WORK TASK »
Once the pictures are removed, reproduce what is left of the data below exactly.
*** INFORMATION SHOWN ***
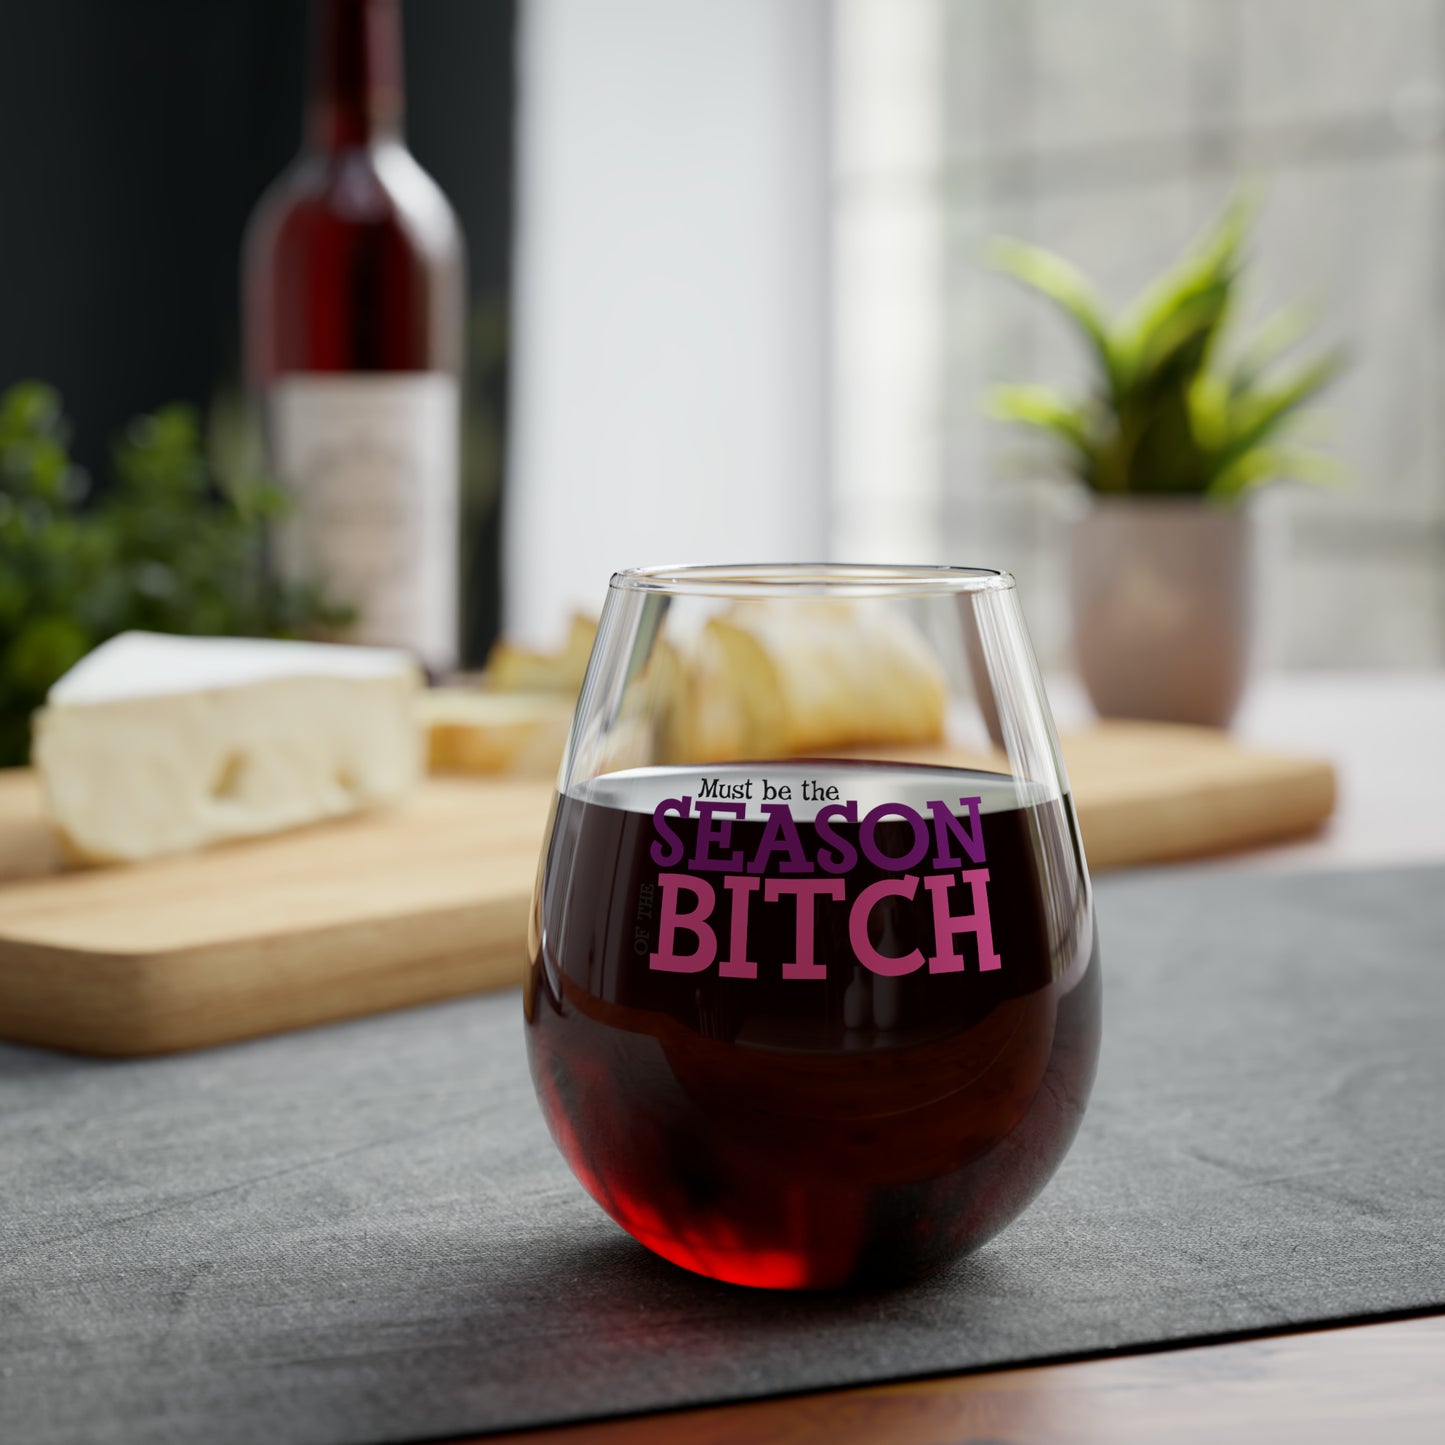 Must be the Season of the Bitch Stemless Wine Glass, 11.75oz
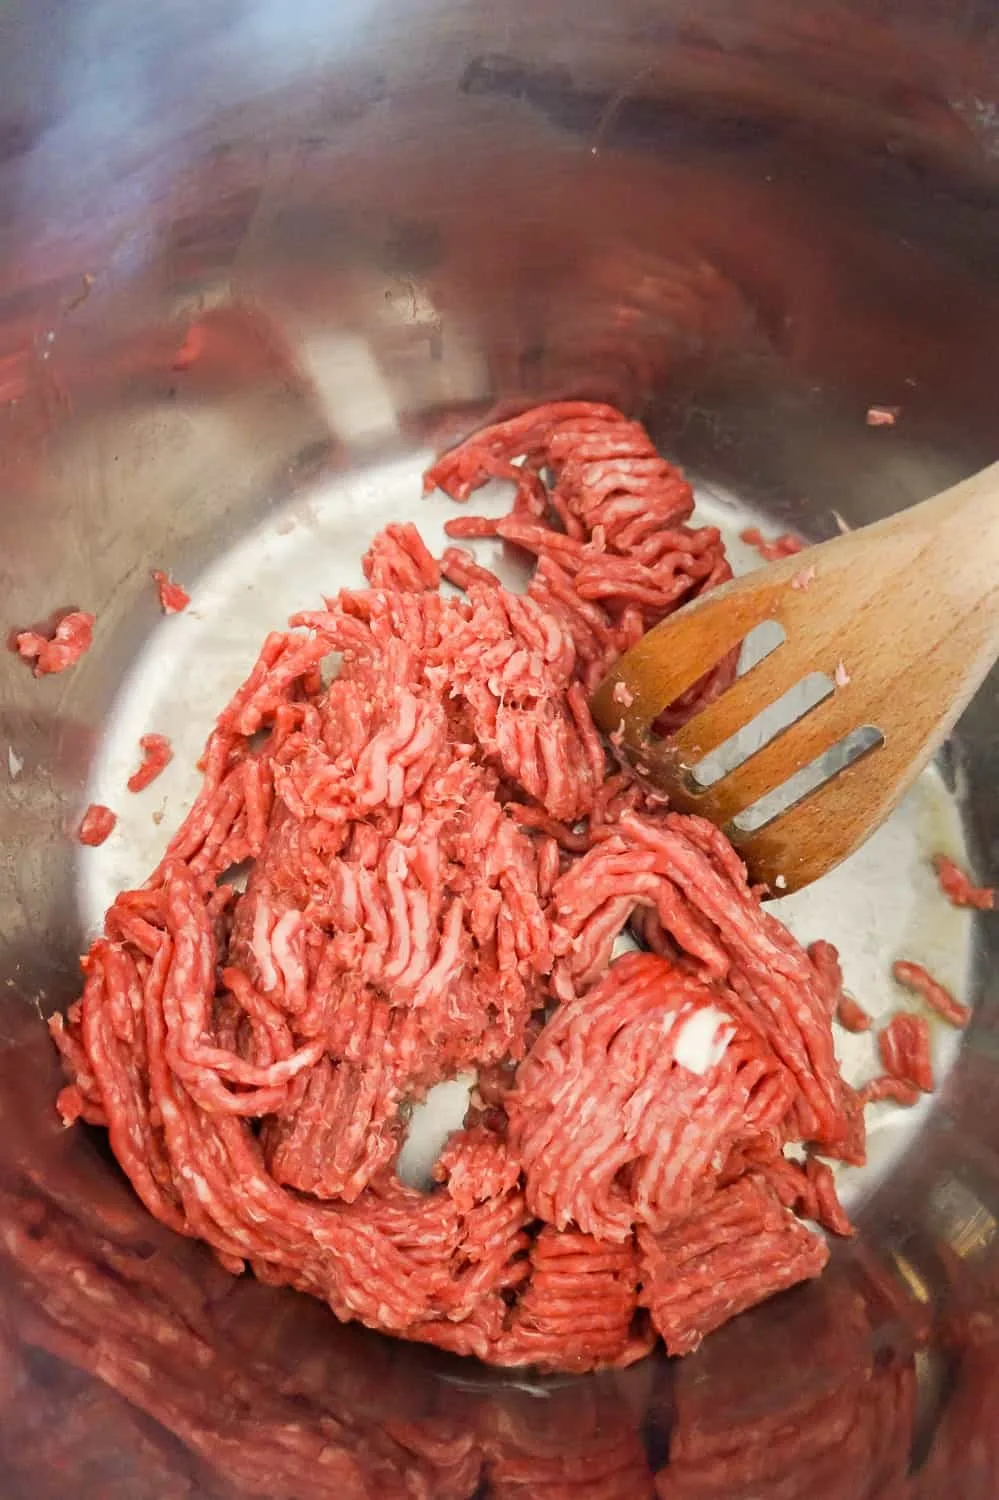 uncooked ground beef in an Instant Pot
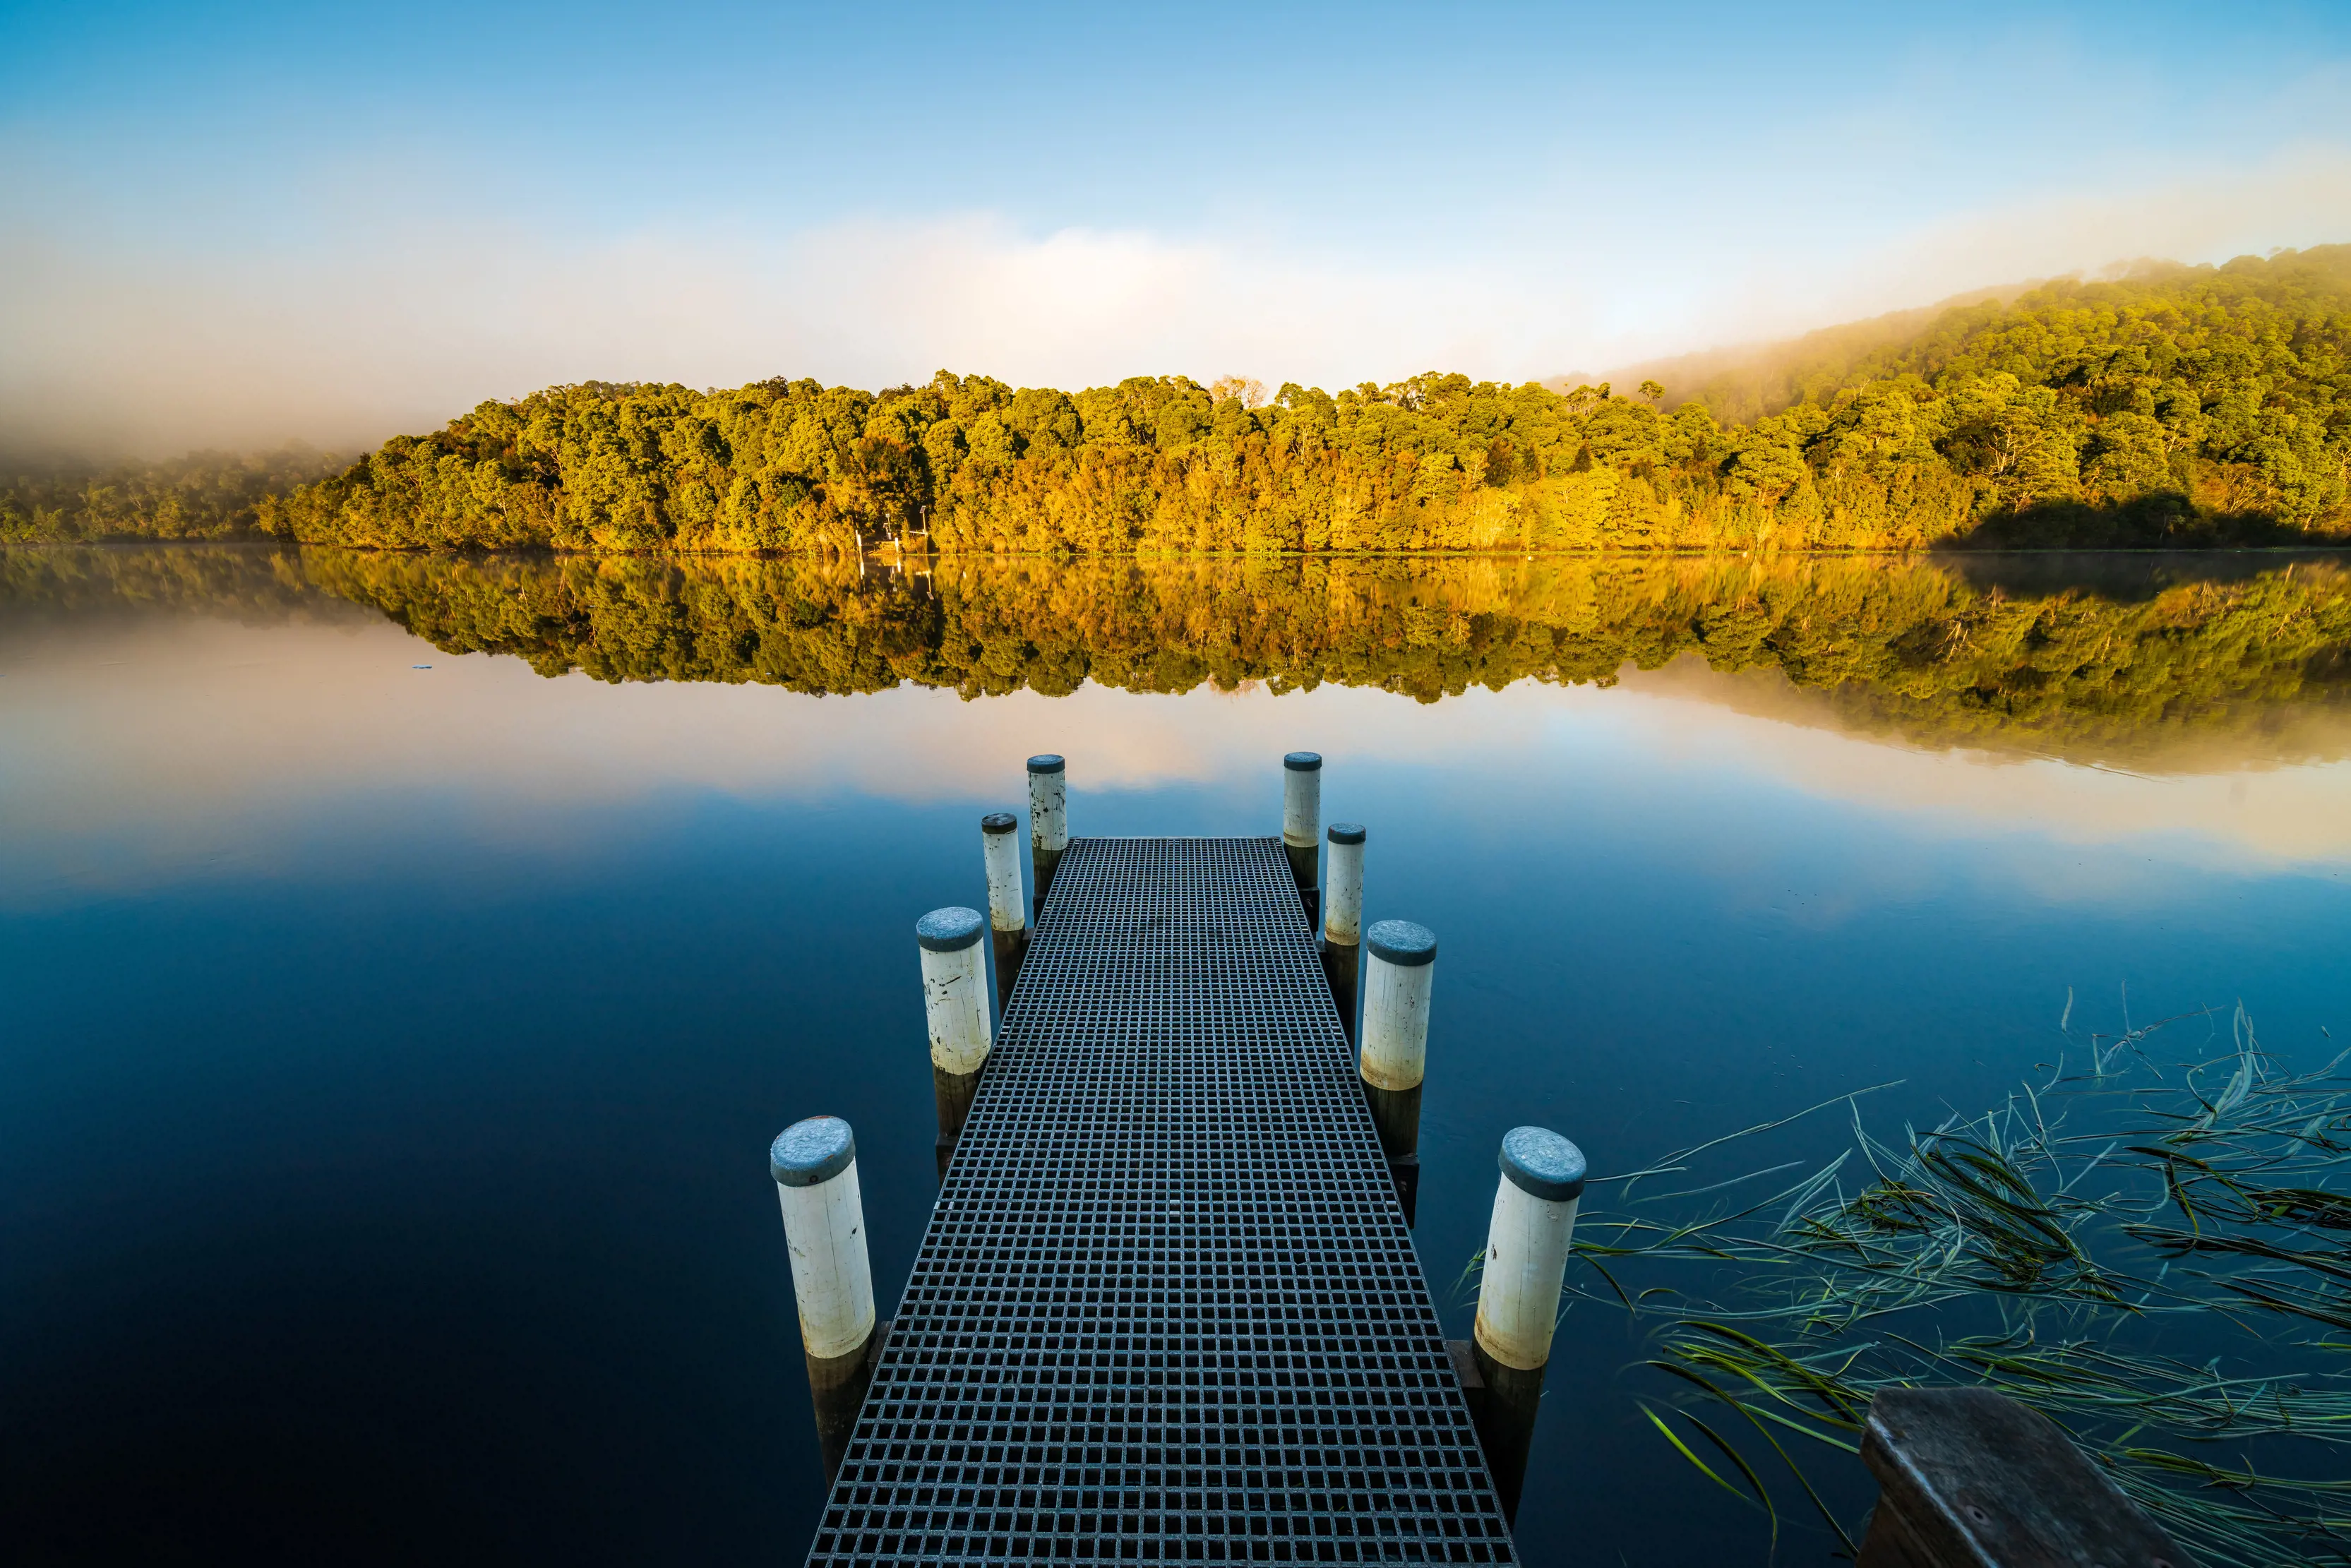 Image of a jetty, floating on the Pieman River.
*** End of INFORMATION SHOWN ***
ANSWER TO THIS PROBLEM »
 Must be the Season of the Bitch Stemless Wine Glass, 11.75oz
 uncooked ground beef in an Instant Pot
 Image of a jetty, floating on the Pieman River.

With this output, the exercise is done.